Environment: Hadoop, MapReduce, HDFS, Hive, HBase, Sqoop, Impala, Java (jdk1.6), Pig, Flume, Oracle 11/10g, MySQL, Eclipse, Java, Shell Scripting, SQL Developer, Putty, XML/HTML.
Confidential
Hadoop Developer
Responsibilities:
- Worked on analyzing Hadoop cluster and different big data analytic tools including Pig, HBase database and Sqoop.
- Responsible for building scalable distributed data solutions using Hadoop.
- Implemented nine nodes CDH3 Hadoop cluster on Red hat LINUX.
- Involved in loading data from LINUX file system to HDFS.
- Worked on installing cluster, commissioning & decommissioning of data nodes, name node recovery, capacity planning, and slots configuration.
- Created HBase tables to store variable data formats of data coming from different portfolios.
- Implemented a script to transmit sysprin information from Oracle to HBase using Sqoop.
- Implemented best income logic using Pig scripts and UDFs.
- Implemented test scripts to support test driven development and continuous integration.
- Worked on tuning the performance Pig queries.
- Worked with application teams to install operating system, Hadoop updates, patches, version upgrades as required.
- Responsible to manage data coming from various sources.
- Involved in loading data from UNIX file system to HDFS.
- Load and transform large sets of structured, semi structured and unstructured data.
- Cluster coordination services through Zookeeper.
- Experience in managing and reviewing Hadoop log files.
- Job management using Fair scheduler.
- Exported the analyzed data to the relational databases using Sqoop for visualization and to generate reports for the BI team.
- Responsible for cluster maintenance, adding and removing cluster nodes, cluster monitoring and troubleshooting, manage and review data backups, manage and review Hadoop log files.
- Installed Oozie workflow engine to run multiple Hive and pig jobs.
- Analyzed large amounts of data sets to determine optimal way to aggregate and report on it.
- Supported in setting up QA environment and updating configurations for implementing scripts with Pig and Sqoop.
Environment: Hadoop, HDFS, Pig, Zookeeper, Sqoop, HBase, Shell Scripting, Ubuntu, Linux Red Hat.
Confidential
Jr.

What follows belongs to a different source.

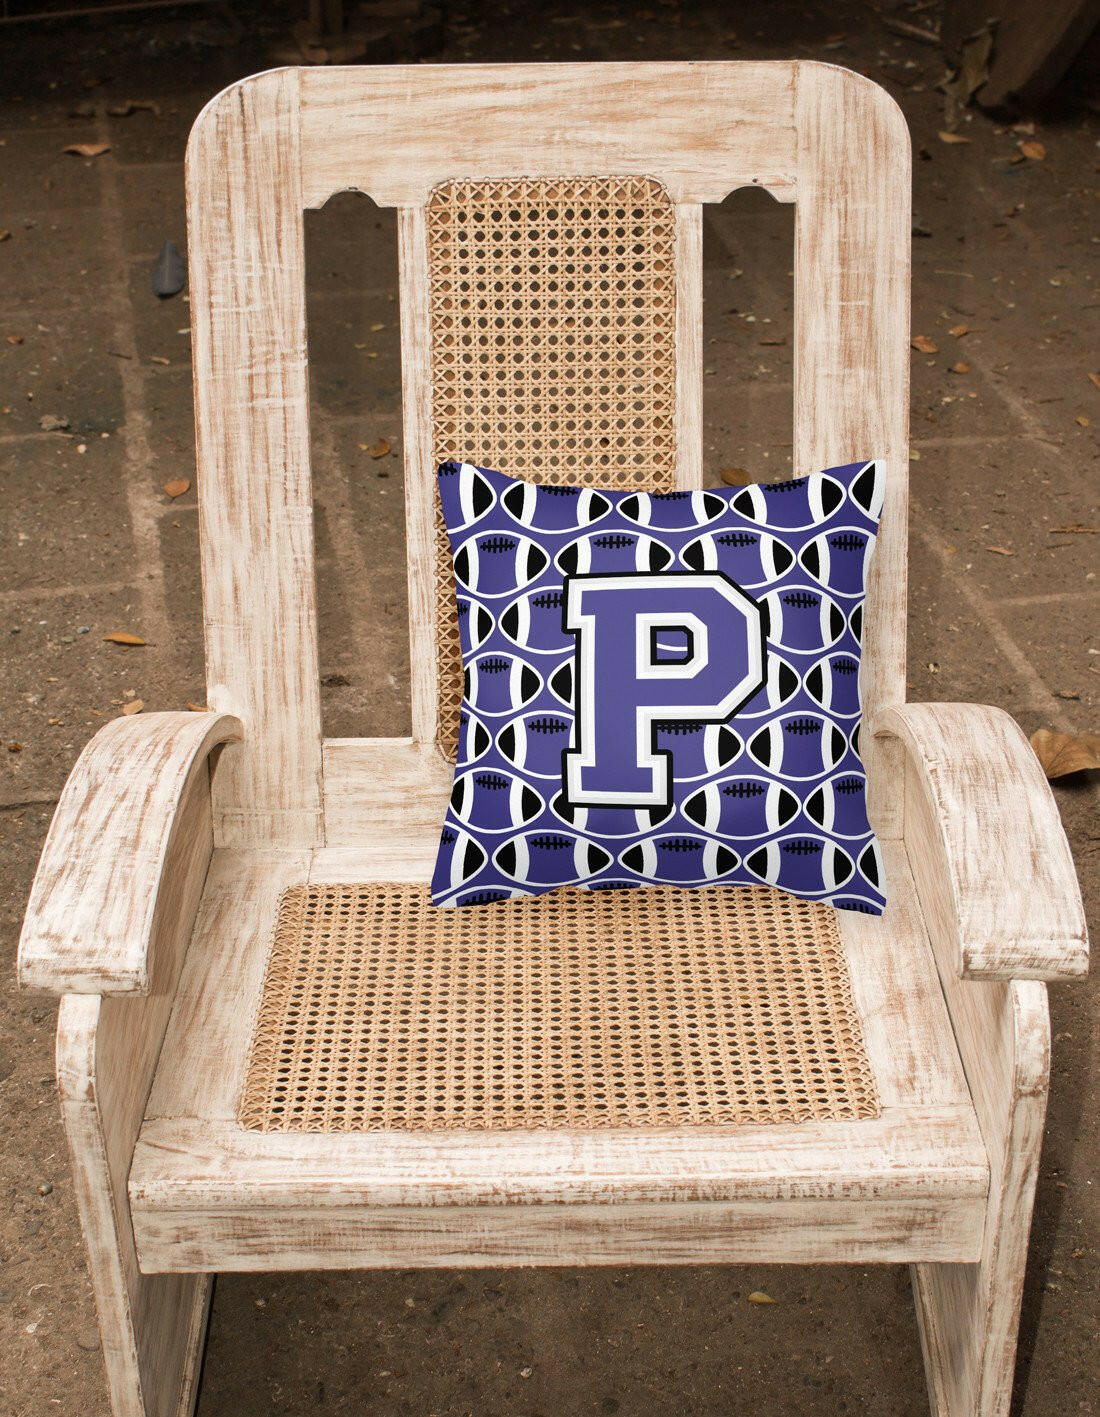 Letter P Football Purple and White Fabric Decorative Pillow CJ1068-PPW1414 by Caroline's Treasures

Java Developer
Responsibilities:
- Involved in design and development phases of Software Development Life Cycle (SDLC).
- Involved in designing UML Use case diagrams, Class diagrams, and Sequence diagrams using Rational Rose.

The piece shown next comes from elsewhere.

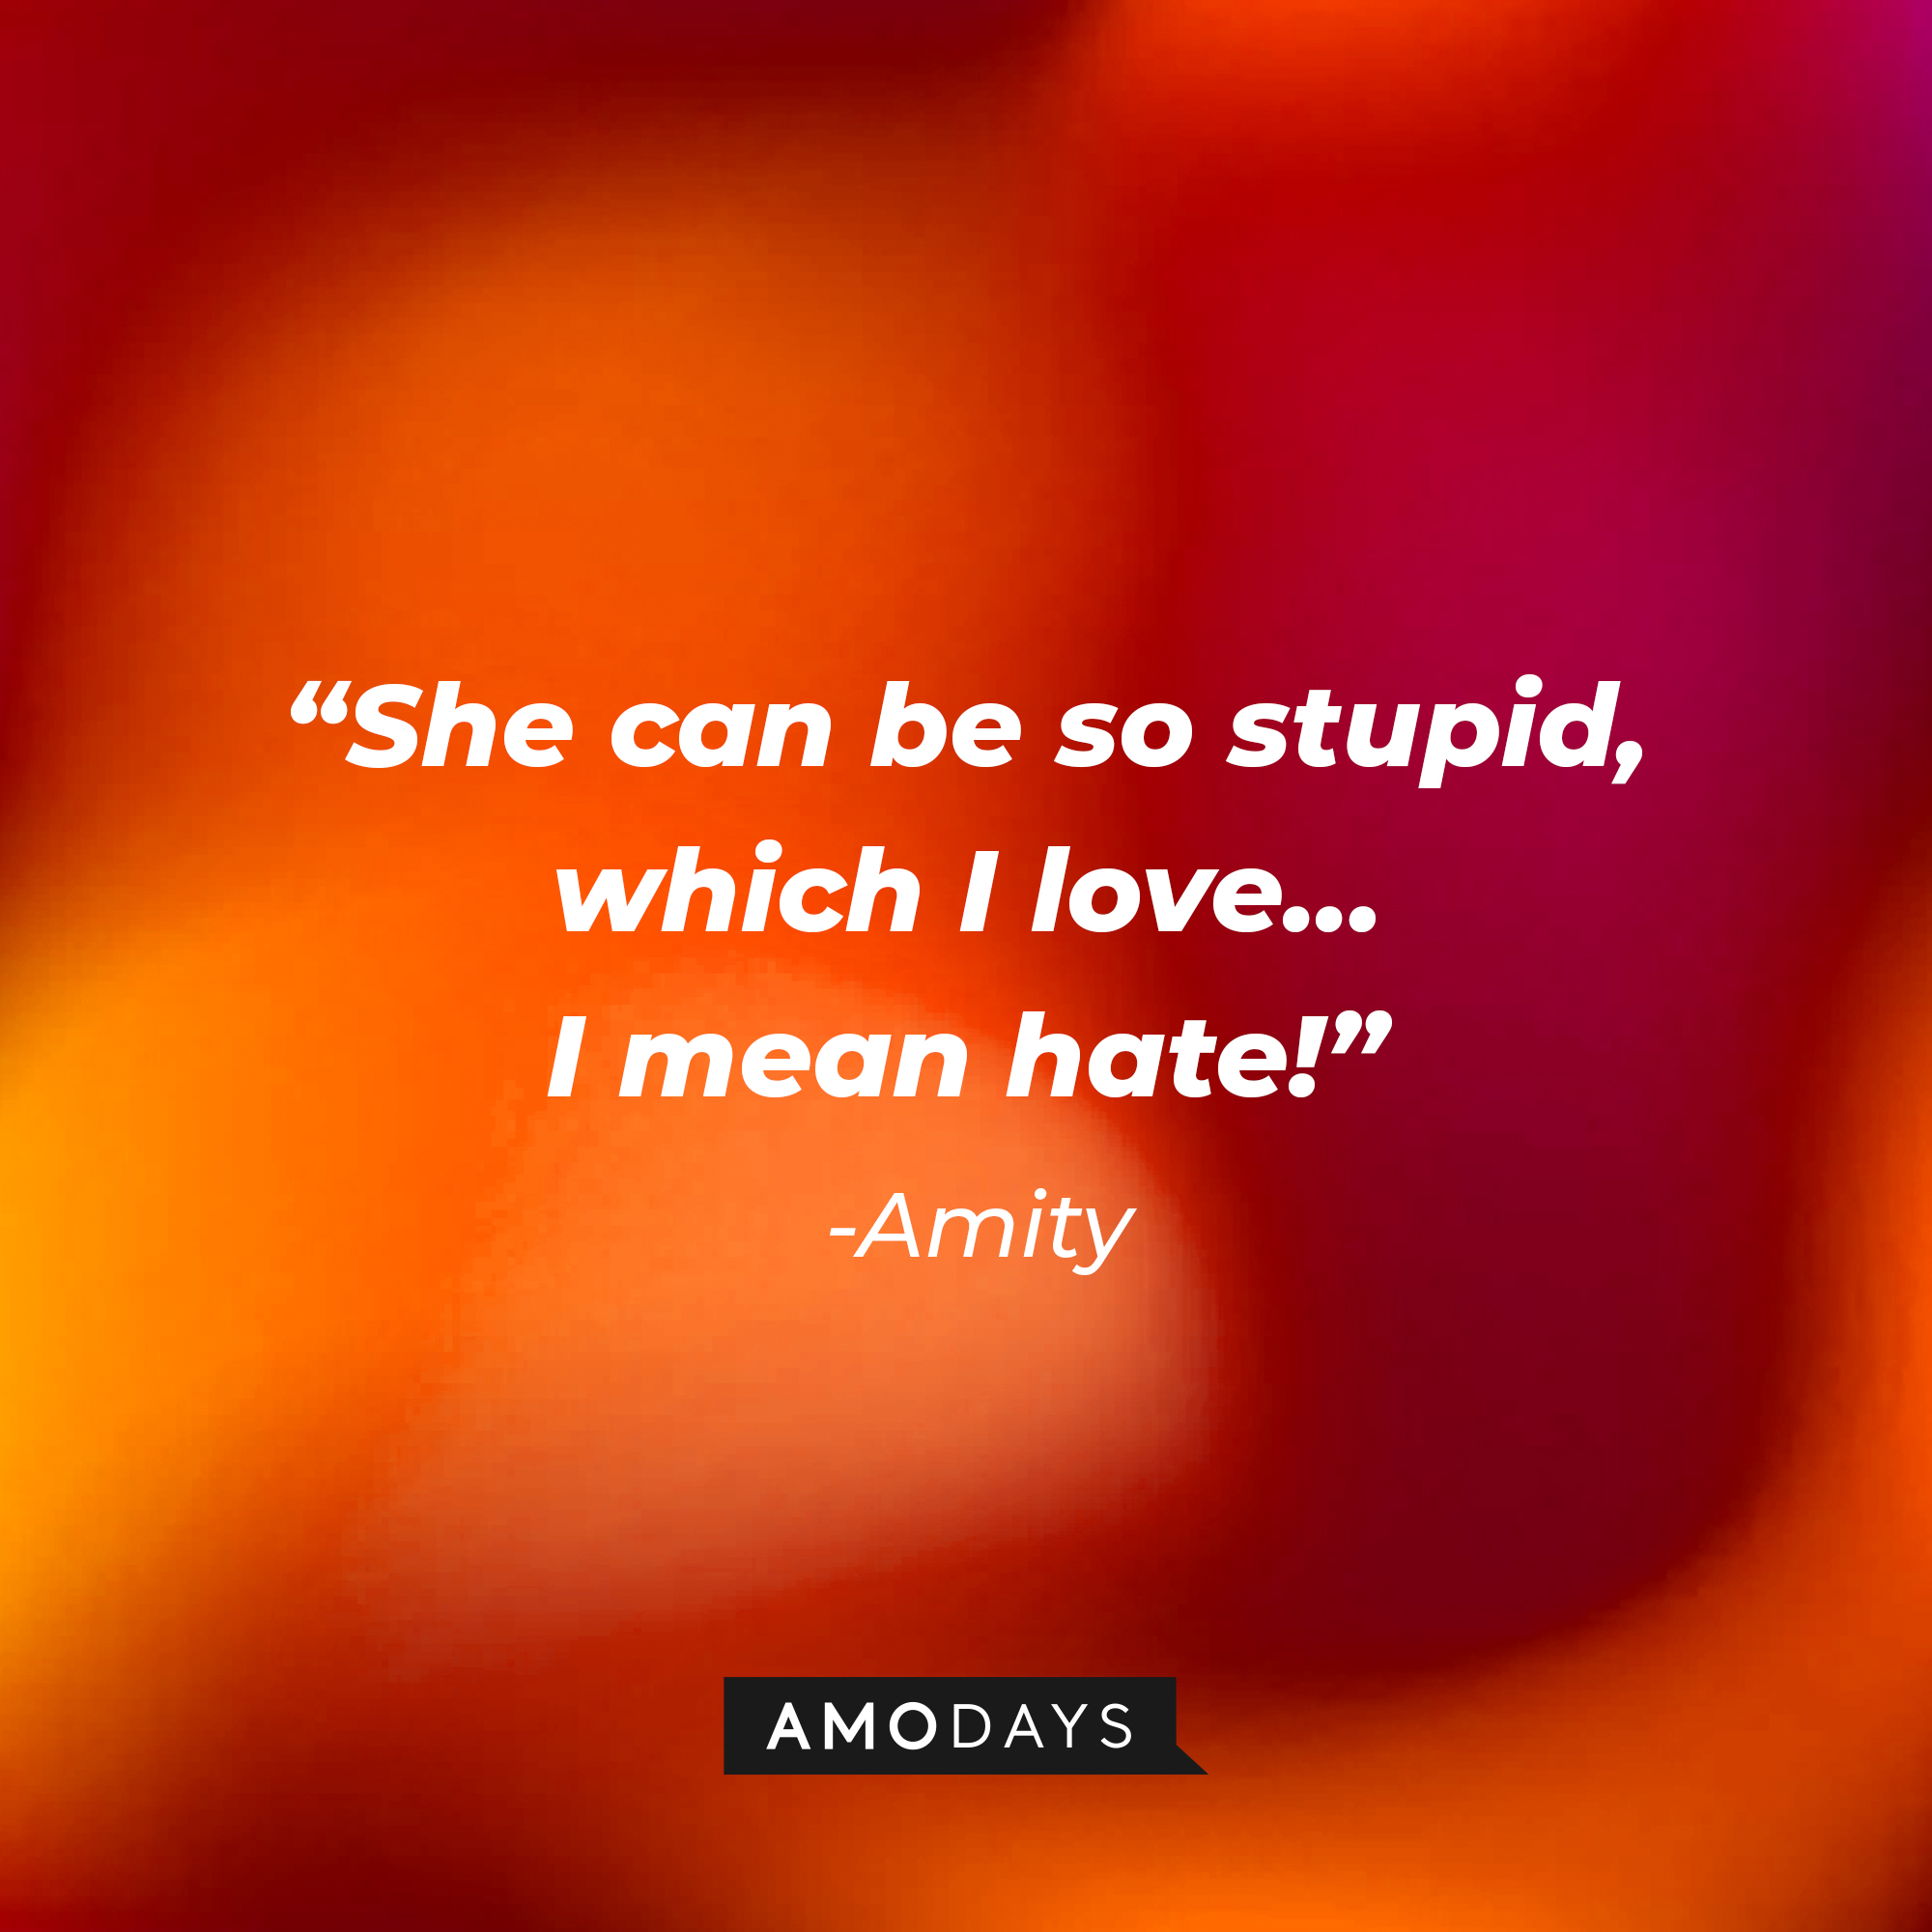 A photo with Amity's quote, "She can be so stupid, which I love… I mean hate!" | Source: Amodays

- Followed agile methodology and SCRUM meetings to track, optimize and tailored features to customer needs.
- Developed user interface using JSP, JSP Tag libraries, and Java Script to simplify the complexities of the application.

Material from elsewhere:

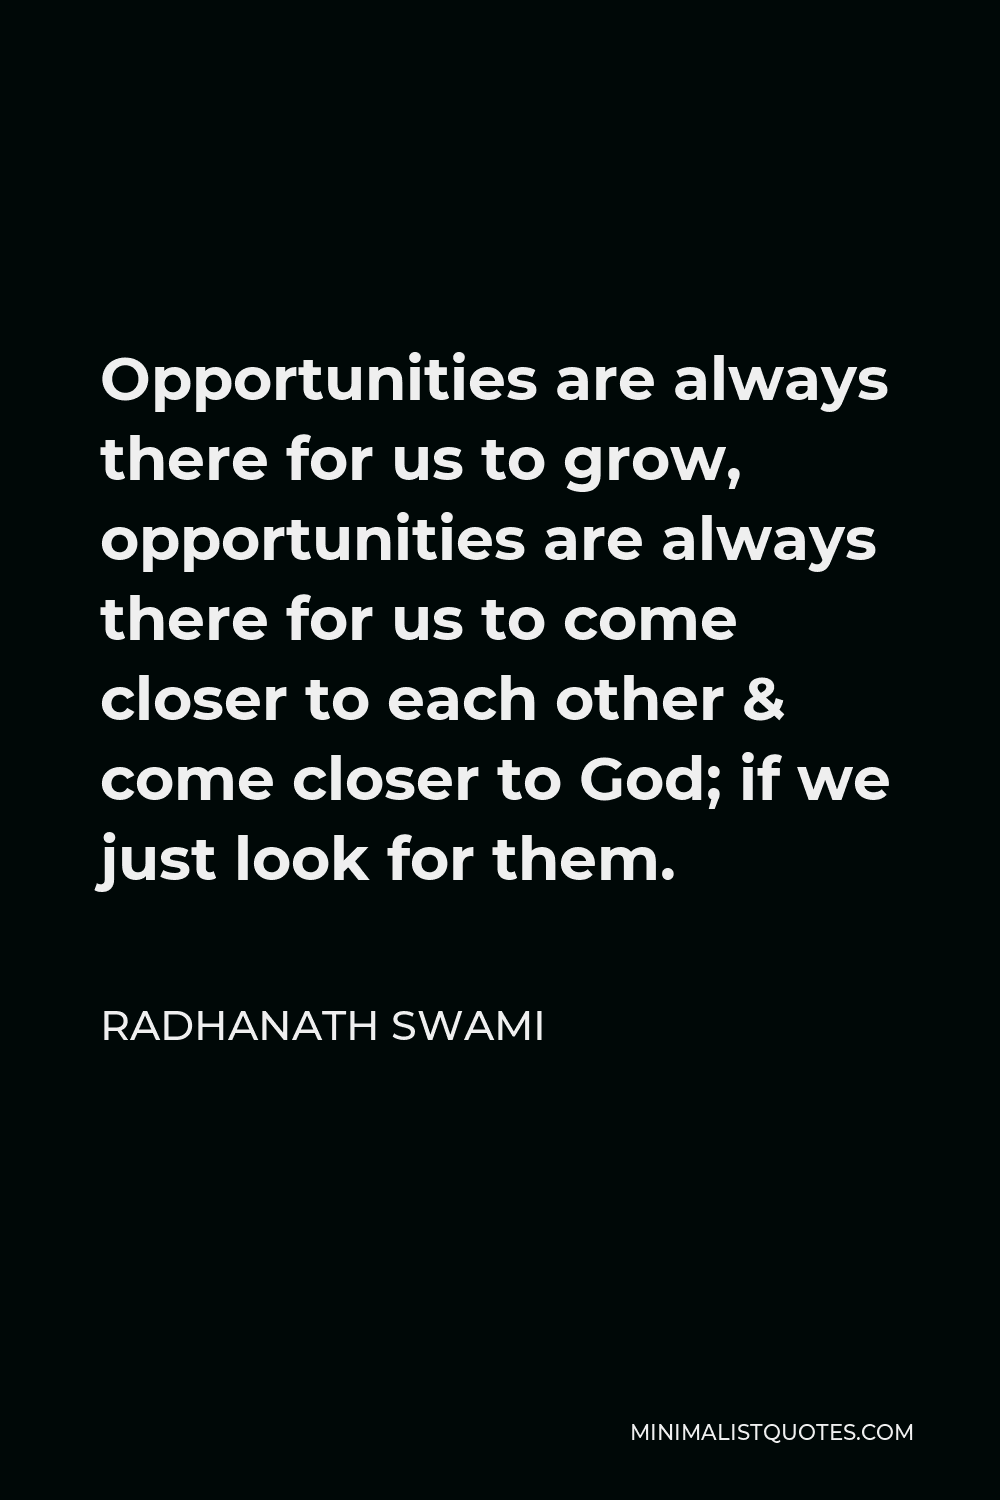 Radhanath Swami Quote - Opportunities are always there for us to grow, opportunities are always there for us to come closer to each other & come closer to God; if we just look for them.

- Developed a Dojo based front end including forms and controls and programmed event handling.
- Created Action Classes which route submittals to appropriate EJB components and render retrieved information.
- Used Core java and object-oriented concepts.
- Used JDBC to connect to backend databases, Oracle and SQL Server 2005.
- Proficient in writing SQL queries, stored procedures for multiple databases, Oracle and SQL Server 2005.
- Wrote Stored Procedures using PL/SQL. Performed query optimization to achieve faster indexing and making the system more scalable.
- Deployed application on windows using IBM Web Sphere Application Server.
- Used Java Messaging Services (JMS) for reliable and asynchronous exchange of important information such as payment status report.
- Used Web Services - WSDL and REST for getting credit card information from third party.
- Used ANT scripts to build the application and deployed on Web Sphere Application Server.
Environment: Core Java, J2EE, Oracle, SQL Server, JSP, JDK, JavaScript, HTML, CSS, Web Services, Windows.